Critically, the study does pooled testing and then confirmatory testing on each individual case if a pooled test is positive. In the study there were 1752 pooled samples of which 13 were false positives (in the sense that when individual confirmatory testing was done on these, every sample in all 13 pooled samples was negative).  So, even in the highly skilled testing environment at Cambridge, the false positive rate (without confirmatory testing) for people without symptoms during the week of 1-7 Feb is 0.7%. This is a much higher rate than the 1 in 400 (0.025%) reported 'to date', but it should be noted that the 1 in 400 rate was also reported for the previous week so it clearly does not take account of the large number of false positives during 1-7 Feb. It is also not clear if the 1 in 400 rate includes confirmatory testing.

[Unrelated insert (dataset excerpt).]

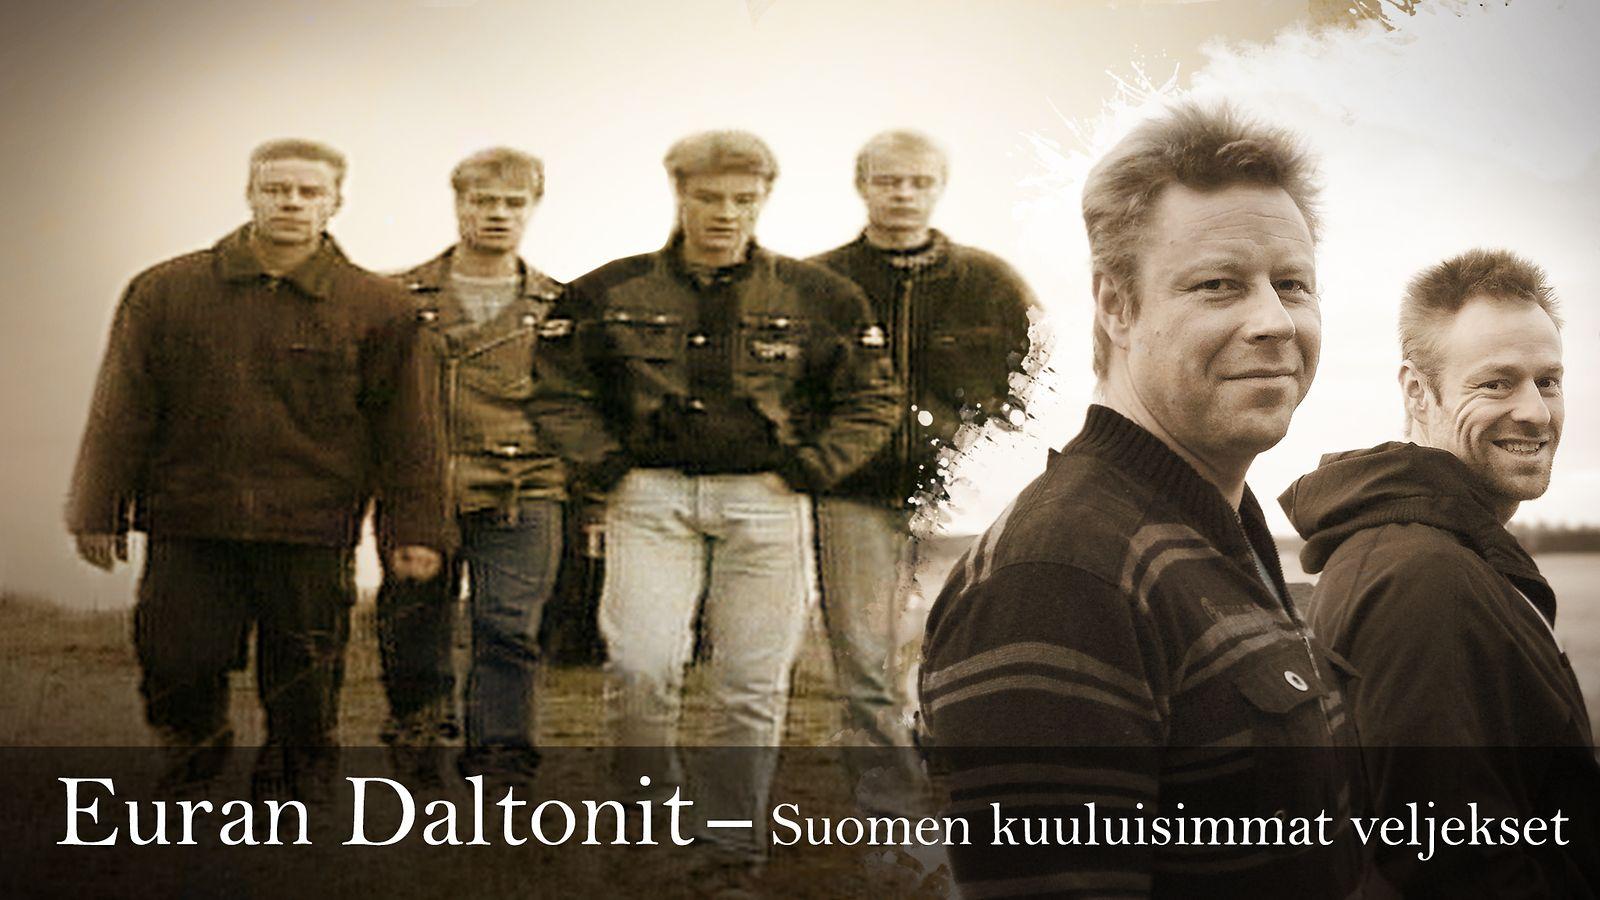 Euran Daltonit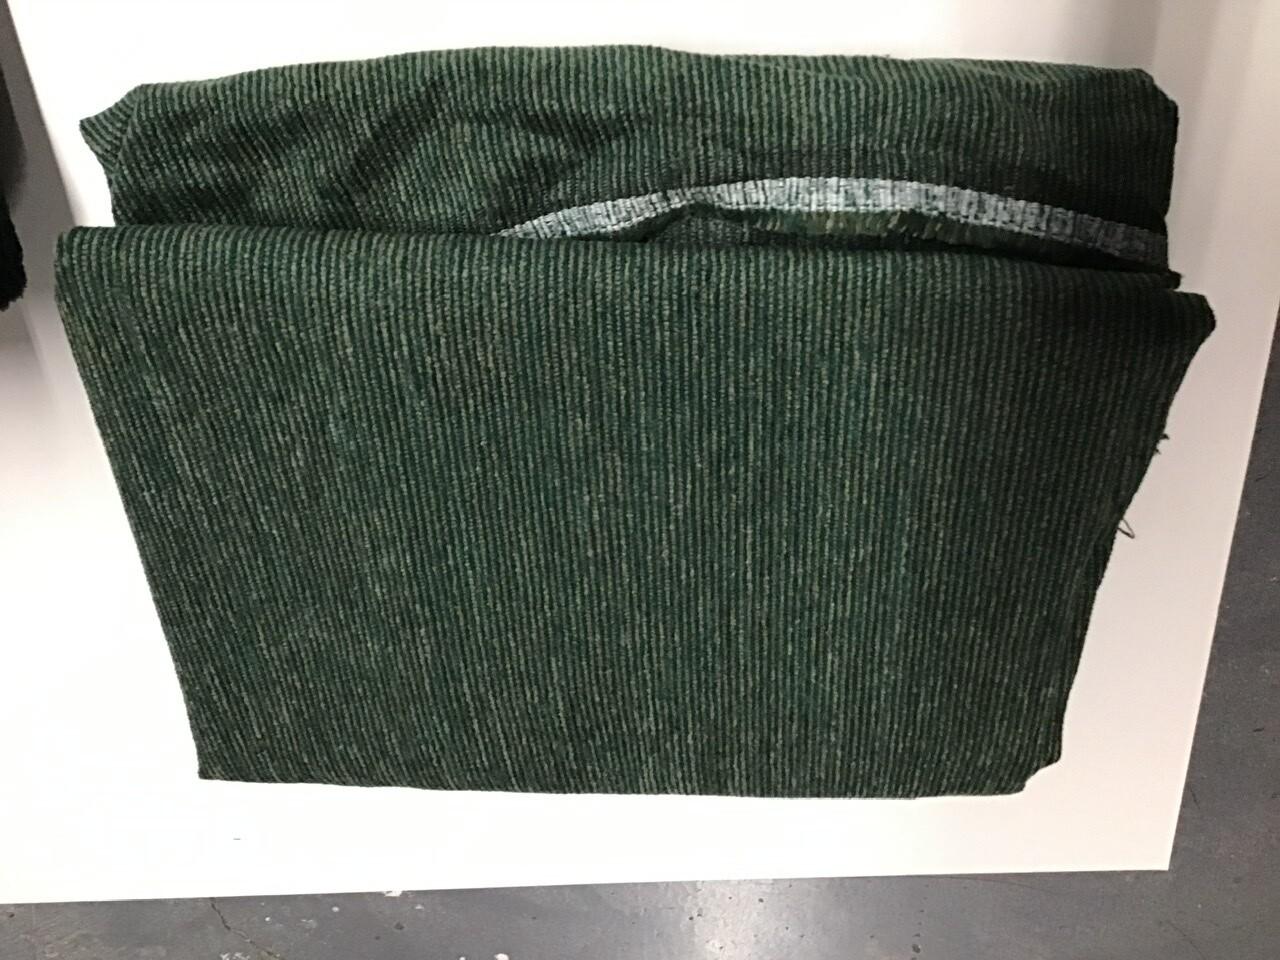 Fabric: Upholstery, in Green/w Tan

The Government 'case' numbers are based on mass PCR testing and there is no evidence that any confirmatory testing has been undertaken as previously reported on this blog. The mass PCR testing will certainly have a higher false positive rate for people with no symptoms than that at Cambridge.  This is very important for understanding why the Government 'case' numbers - as well as the "1 in 3" claim are exaggerated. Based on the Cambridge data and some other reasonable assumptions it follows that a high percentage of those without symptoms testing positive are false positives (the report will provide the full Bayesian analysis).

1. Prof, there is a typo in both the Bayes Theorem calculations; the % sign included in the answer is in error. i.e the answer is correct without the % sign. The text quoting the answer is correct.

1. Thanks - you are right. Will fix this and update

2. I very much enjoyed your analysis and working through it. Thanks for publishing it. Rgds Andrew

3. data can be made to show whatever you want but basically the goverment has been using scare tactics for so long i dont believe much that comes from official sources , maybe because i am just a sill old 90 year old and heard diferent goverments tell so many lies.I still think the best slogan was COUGHS AND SNEEZES SPREAD DISEASES.

4. Not in a position to confirm or refute the maths, but the Cambridge university study isn't a random sample. It is a sample of a specific subset of the UK population which may well differ significantly from the overall population. The conclusions drawn from 4000+ of the same subset is not the same as the results expected if the same number of people were drawn at random from the UK wide population.

1. You are right of course. But it can be argued that the bias in the sample should have favoured the Govt claim because if any group are really liekly to have COVID but no symptoms it is surely young people. Same with the footballers in the updated report.

2. Yes but the Premier League players are in a bubble, following strict protocols to minimise transmission. They are not interacting with the rest of society.

3. Like kissing, hugging and spitting throughout the game?

4. Yes they could catch it during games but as long as they don't go into shops, on public transport etc, covid is unlikely to reach their bubble.

5. Alex let me assure you that Professional players DO NOT follow the protocols you speak of,, i know this as a fact because a member of my family and a very good friend are indeed elite footballers, they go to shops, etc

5. This will not be popular with Mr Hancock. Well done.

6. It has occurred to me that if the Nazis had had the idea of a health pandemic, they could have called the Jews super spreaders, Auschwitz a quarantine camp, and blamed the deaths on the virus.